- [PROVIDED MATERIAL]

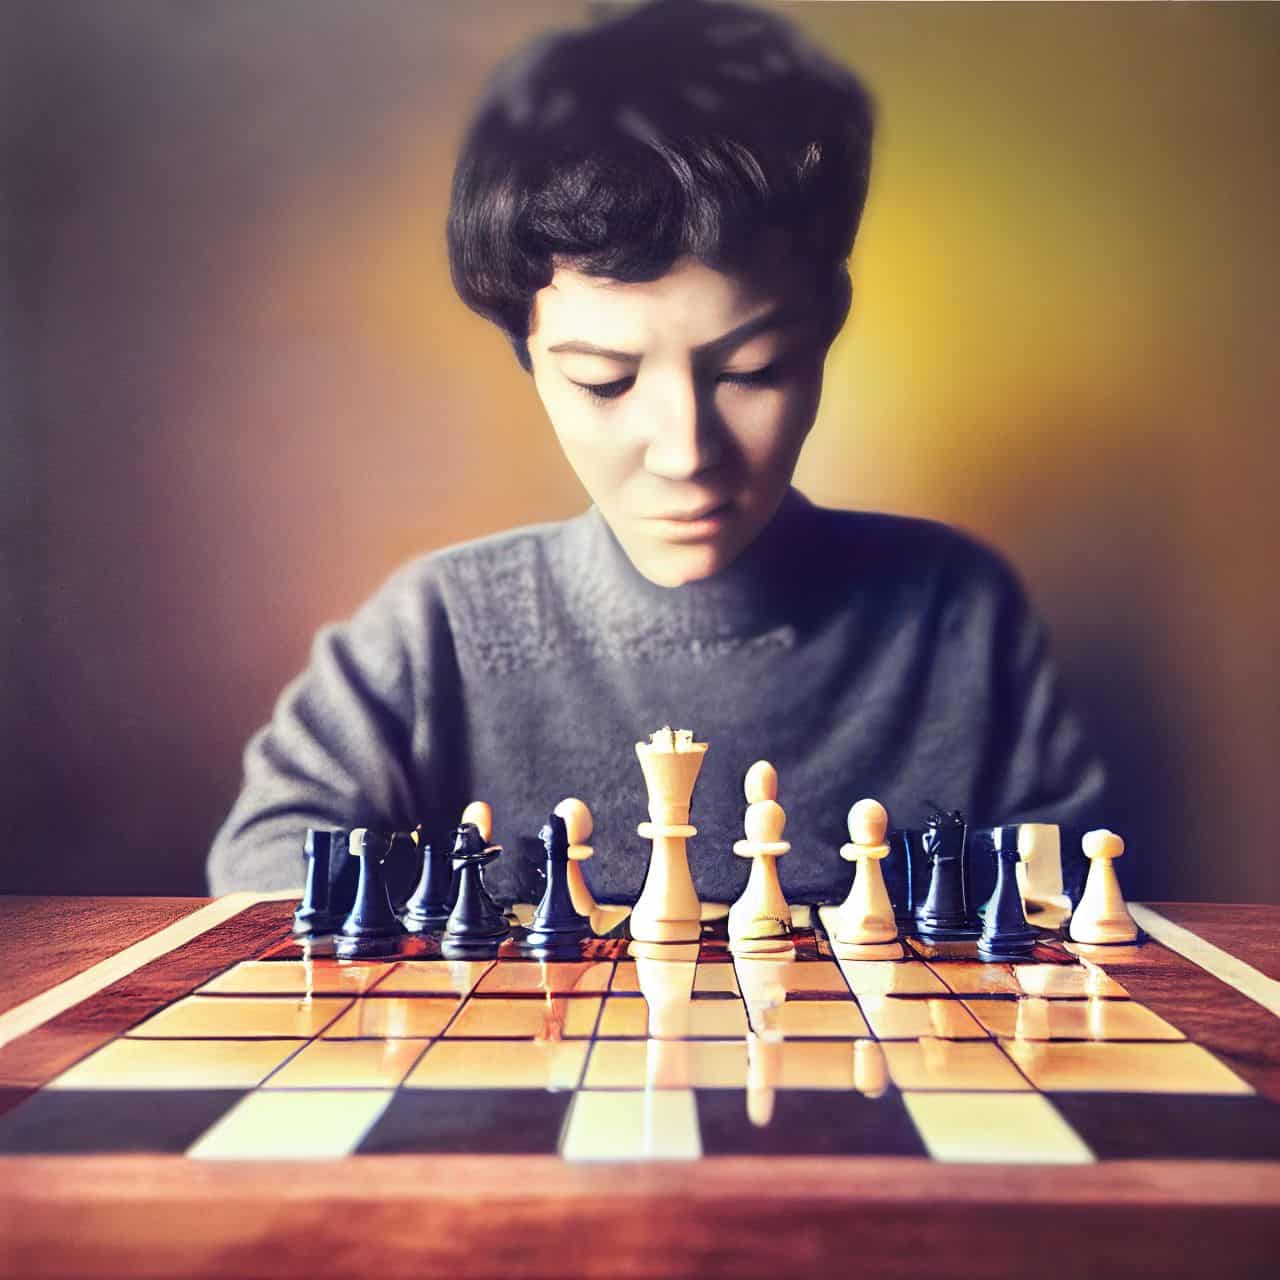 How To Play With Yourself In Chess.com (BEST Way!) 
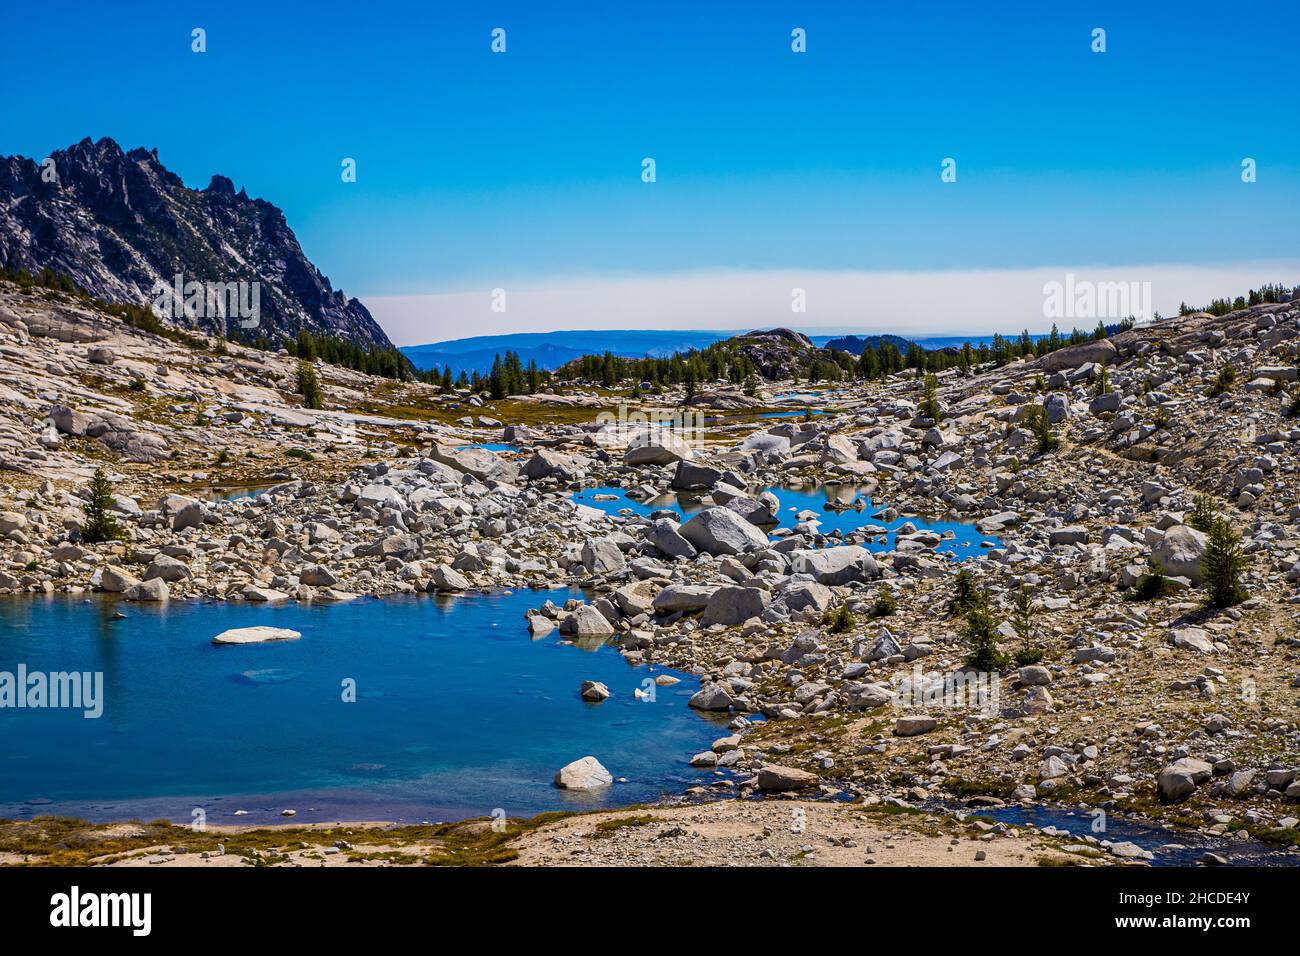 Looking out over rocky stone ponds reflecting the sky in The Enchantments of Alpine Lakes Wilderness in the Cascades, Washington, USA Stock Photo
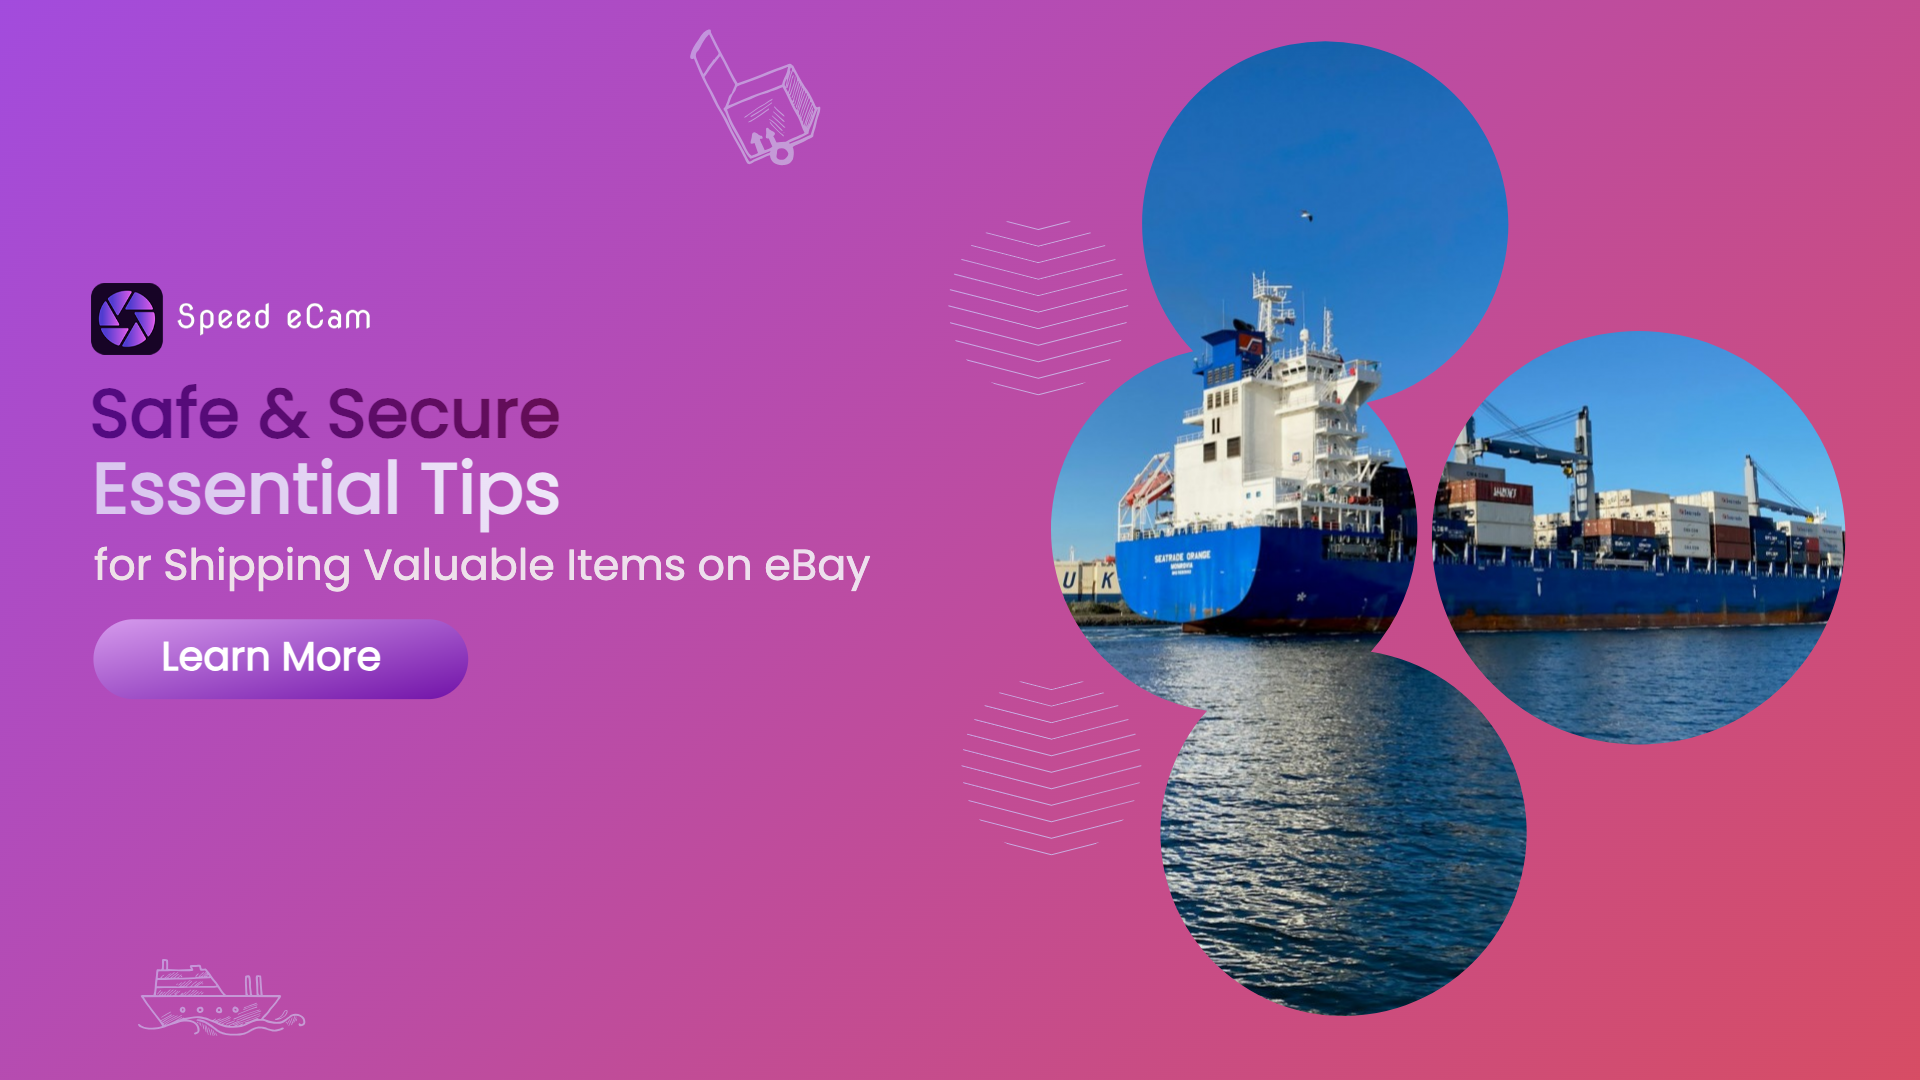 Safe & Secure: Essential Tips for Shipping Valuable Items on eBay

- [TASK ITEM] Only one thing is wanted here, an exact copy of the lines from the first line above through the line containing "Looking out over", minus any picture.

- [ANSWER TO THE PROBLEM]
 How To Play With Yourself In Chess.com (BEST Way!) 
 Looking out over rocky stone ponds reflecting the sky in The Enchantments of Alpine Lakes Wilderness in the Cascades, Washington, USA Stock Photo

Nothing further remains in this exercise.